With the arrests, often come drug charges.
“It’s pretty rampant,” said Rachelle Castro with the McLeod Center. She is one of several counselors who join CMPD on their prostitution stings. They push rehab on those arrested, trying to convince the girls to get clean and get off the streets.
“We teach them they are not bad people like they’ve been led to believe,” she said. The McLeod Center has a rehab program specifically geared towards prostitution. Along with attacking the drug addiction, they teach life skills like balancing a check book and how to interview for a job.
“They just don’t know what to do a lot of times, they don’t have the social interaction, the social skills that some other people did,” she said.
Kim, a former prostitute who sold her body for sex for more than 20 years, said, “I didn't care if I was going to be locked up again.
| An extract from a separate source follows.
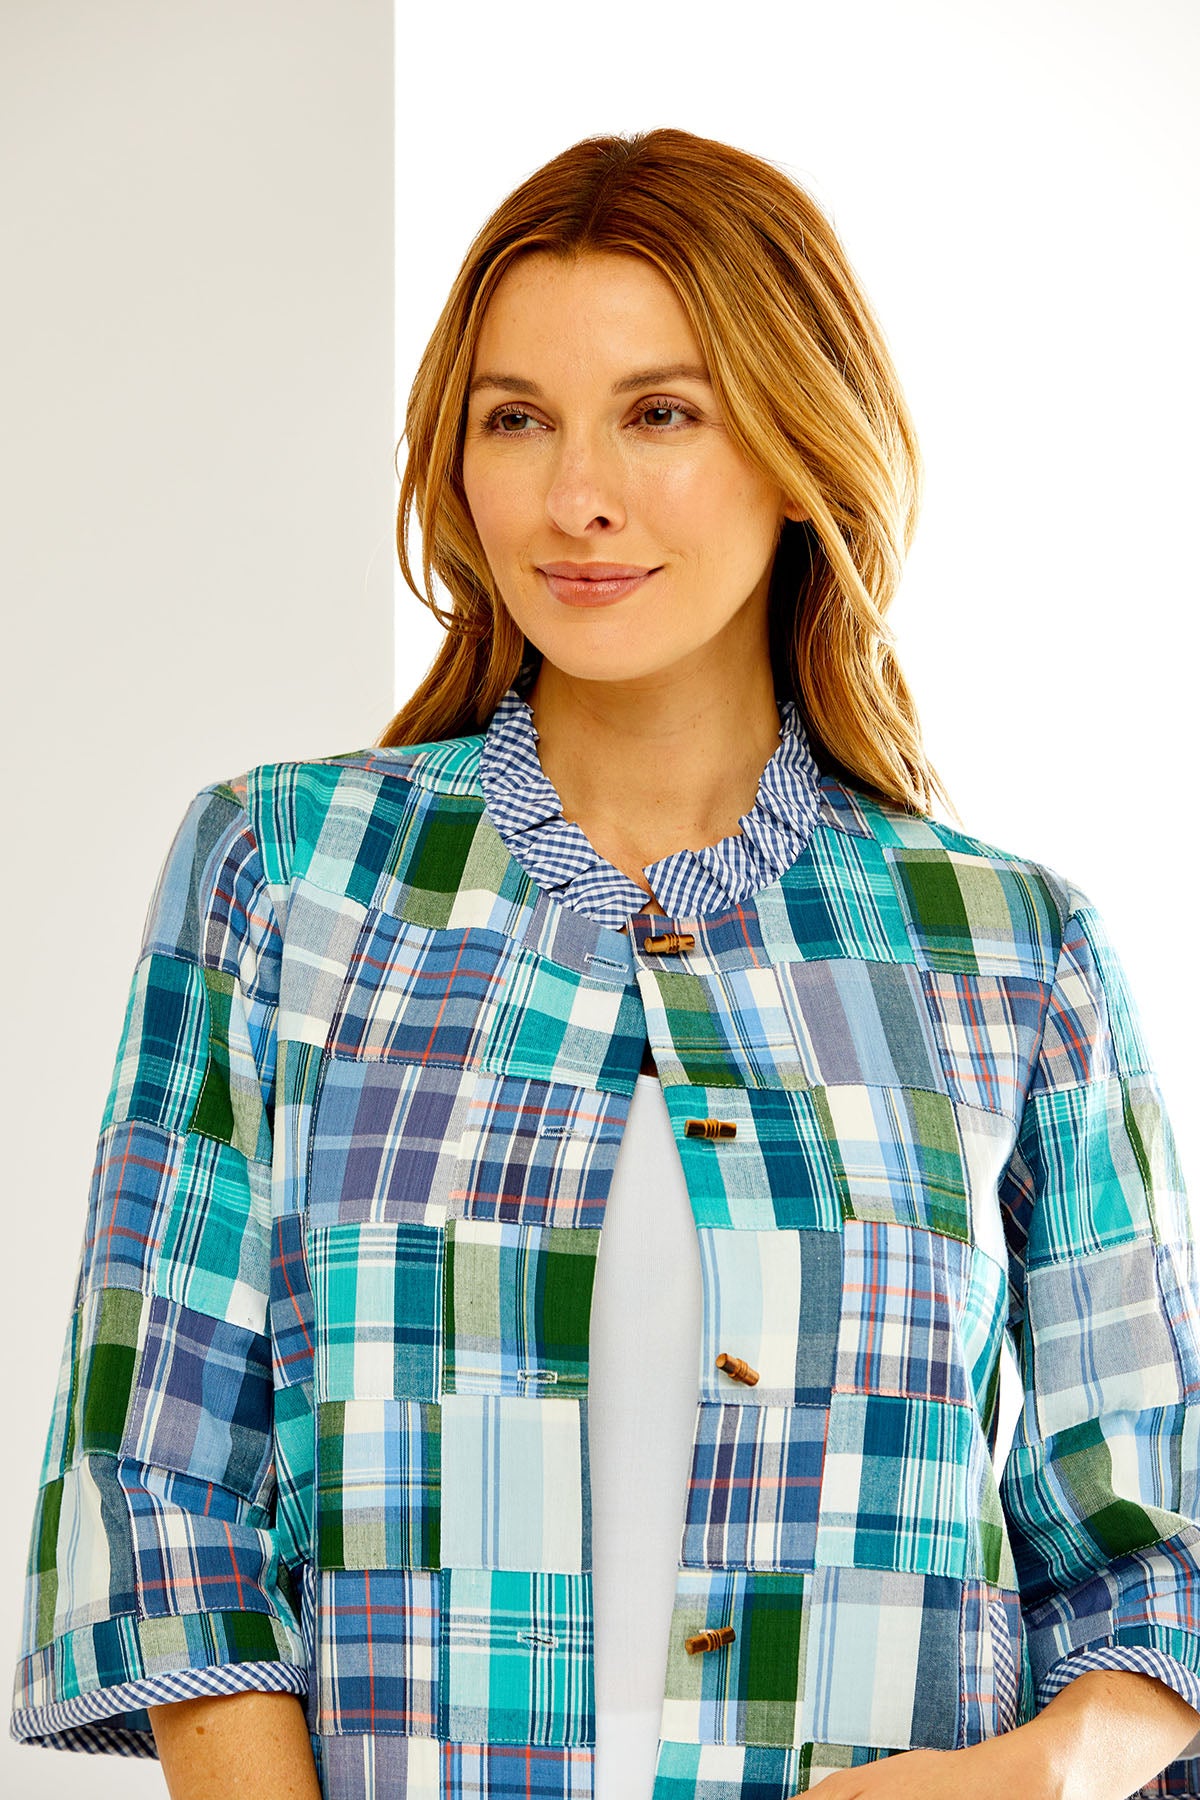 Woman in blue multi-colored madras jacket
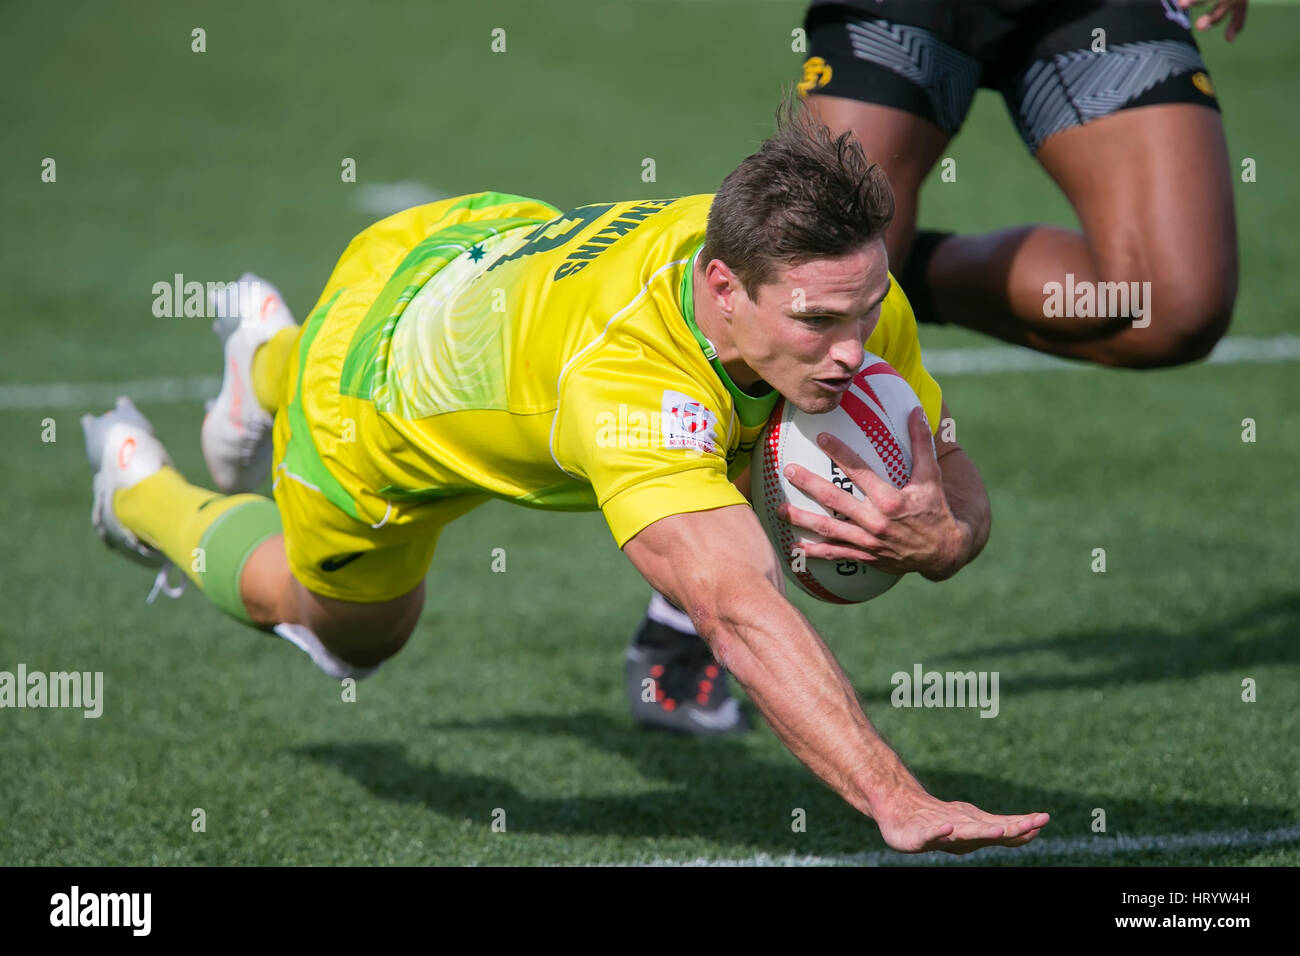 Las Vegas, NV, USA. 4th Mar, 2017. Ed Jenkins #9 of Australia dives in for a score during Pool D play of the rugby sevens match between Fiji and Australia at Sam Boyd Stadium in Las Vegas, Nv. Fiji defeated Australia 24-17. Damon Tarver/Cal Sport Media/Alamy Live News Stock Photo

I just knew I needed help.”
She can’t count the number of times she did it. She talked to us during her third try at rehab. It was the longest she’d been clean, and she credited McLeod.
“It’s hard putting your life together,” she said.
Kim was working to get a full time job, a hard task if you’ve never known anything but the streets.
“It just goes to show you what the drugs will do to you,” said Officer Faulkner. “These girls don’t want to grow up wanting to be a prostitute.”
Peanut knows addiction has a tight grip. She told us herself that night on the streets.
“I know it’s worth nothing, but I’m still chasing something for no reason,” said Peanut
Kim is still working to find full-time work.
“Everything about me has got to change. If I don't change I will be doing the same thing over and over,” said Kim. “I don't want to live like that anymore.”